- _Work item_
Among the entries that follow, locate the line with "HD wallpaper: red-and-white" and the line with "Bee tattoo on chest for men". Output those lines and all lines in between, exactly, minus the pictures.

- _Data supplied_
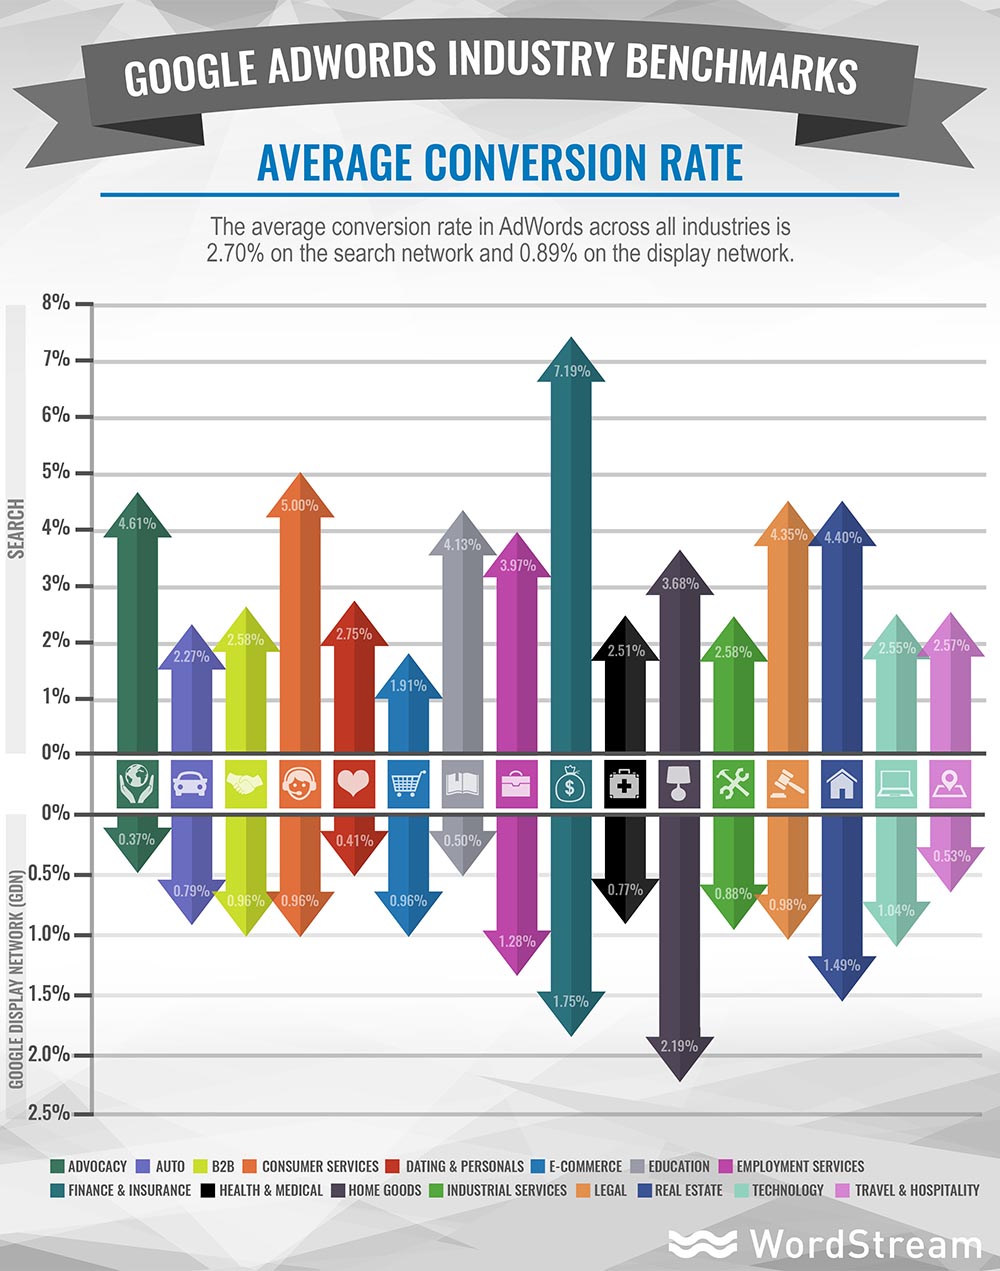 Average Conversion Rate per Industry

...

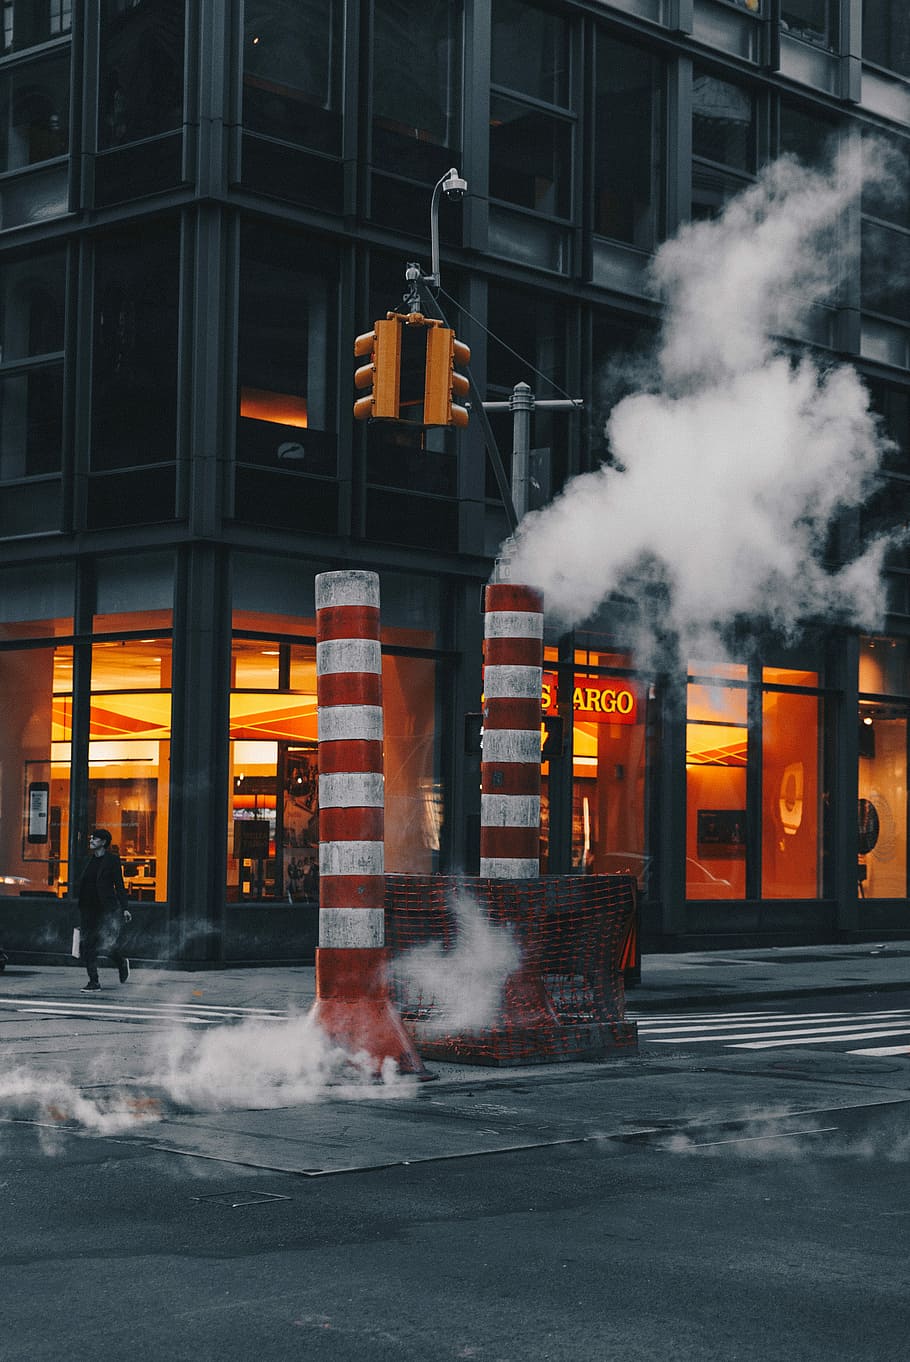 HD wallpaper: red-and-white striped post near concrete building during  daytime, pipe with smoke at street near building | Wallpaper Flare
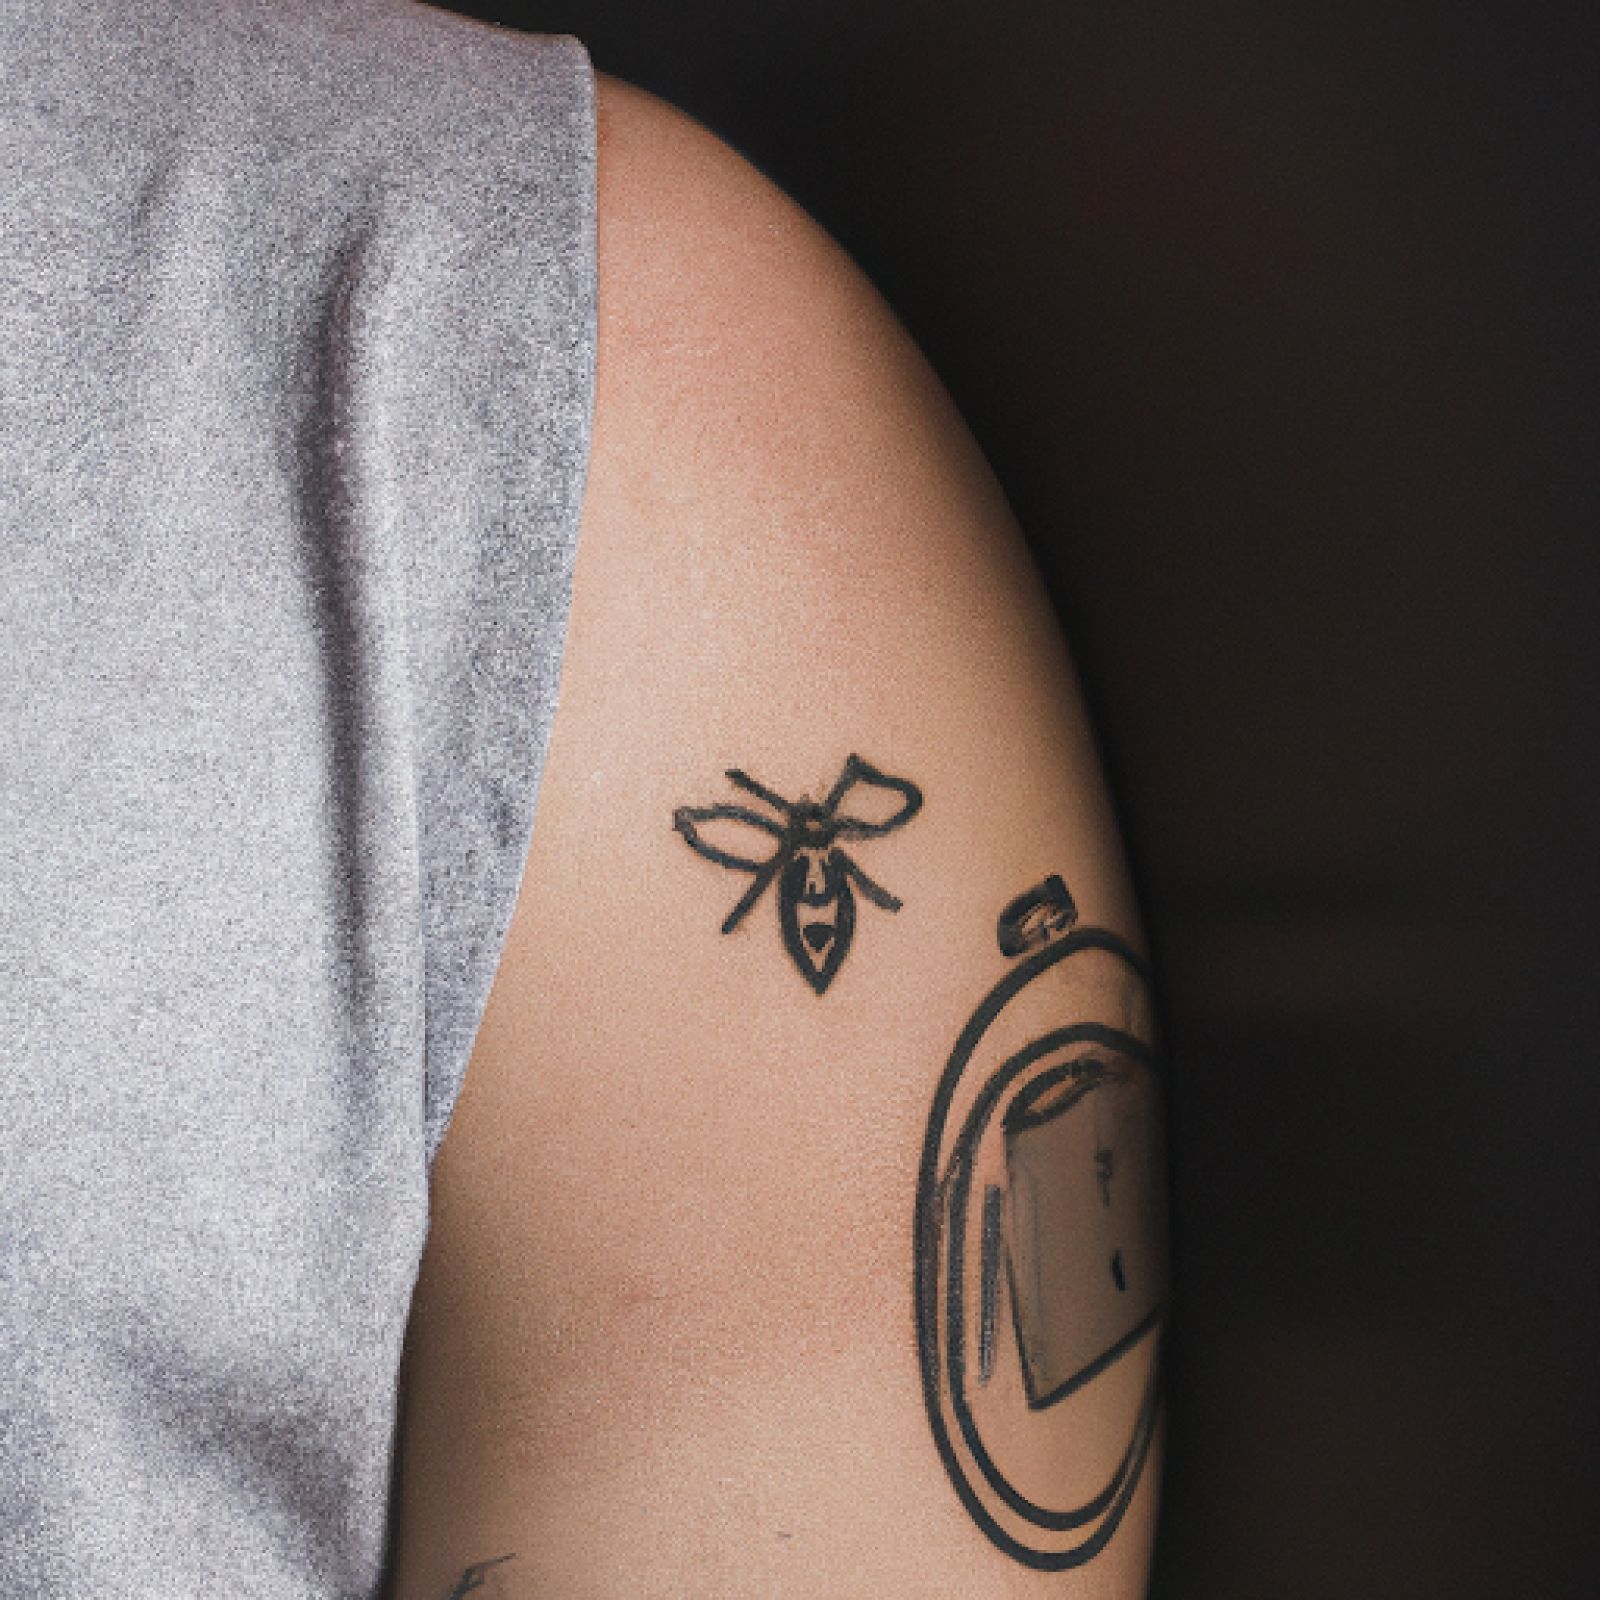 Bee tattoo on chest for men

- _Result of the exercise_
 HD wallpaper: red-and-white striped post near concrete building during  daytime, pipe with smoke at street near building | Wallpaper Flare
 Bee tattoo on chest for men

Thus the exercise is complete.